好きになったのは大嫌いな先生



あっという間に自分たちのクラスの順番が来て専用の教室へ移動。ドキドキそわそわしてる子供達をみんな部屋の中へ誘導した。

「みんなちゃんと揃ってるー??」

「いるよー!」

そんな返事が帰ってきて、準備完了。
さてと、気合を入れて今日お世話になる医師の方をみてみると…

「…えっ…しゅう…くん!?」

「美奈、久しぶりだね」

そこには何年振りかに会う、8歳年上の幼馴染の愁くん。お母さんが亡くなる前に住んでいた実家が隣で、産まれてからよく遊んでもらっていた頼れるお兄ちゃんのような存在。お母さんが亡くなって施設に入ってからはぱったりと会っていなかった。

まさかこんな形で再開するの!?しかも、今は私の大っ嫌いなお医者さんになってるってこと!?

久々の再会に私の頭の中はフリーズ。

「みな先生どうしたのー??知ってる人??」

急に動かなくなった私を見て心配する子供達。

「…あっ…ごめんごめん!なんでもないよ。…そしたら、今日お世話になる病院の先生にみんなで挨拶しようね。
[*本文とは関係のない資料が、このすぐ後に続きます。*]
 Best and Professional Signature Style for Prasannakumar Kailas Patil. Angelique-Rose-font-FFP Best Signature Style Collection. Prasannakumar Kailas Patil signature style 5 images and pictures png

今日はよろしくお願いします」

「お願いしますっ!!!」

子供達の元気な声が響き渡る。
愁くんが先生ってことに動揺して、落ち着かせていた心が焦りだし、心臓がバクバクする。子供達が診察を受けるだけで、別に私はなにもしないのに。

このドキドキは自分の体調の悪さがあるから。秀くんと目が合うと色々と見透かされるような気がして、必死に子供達へと意識を移して平然を装った。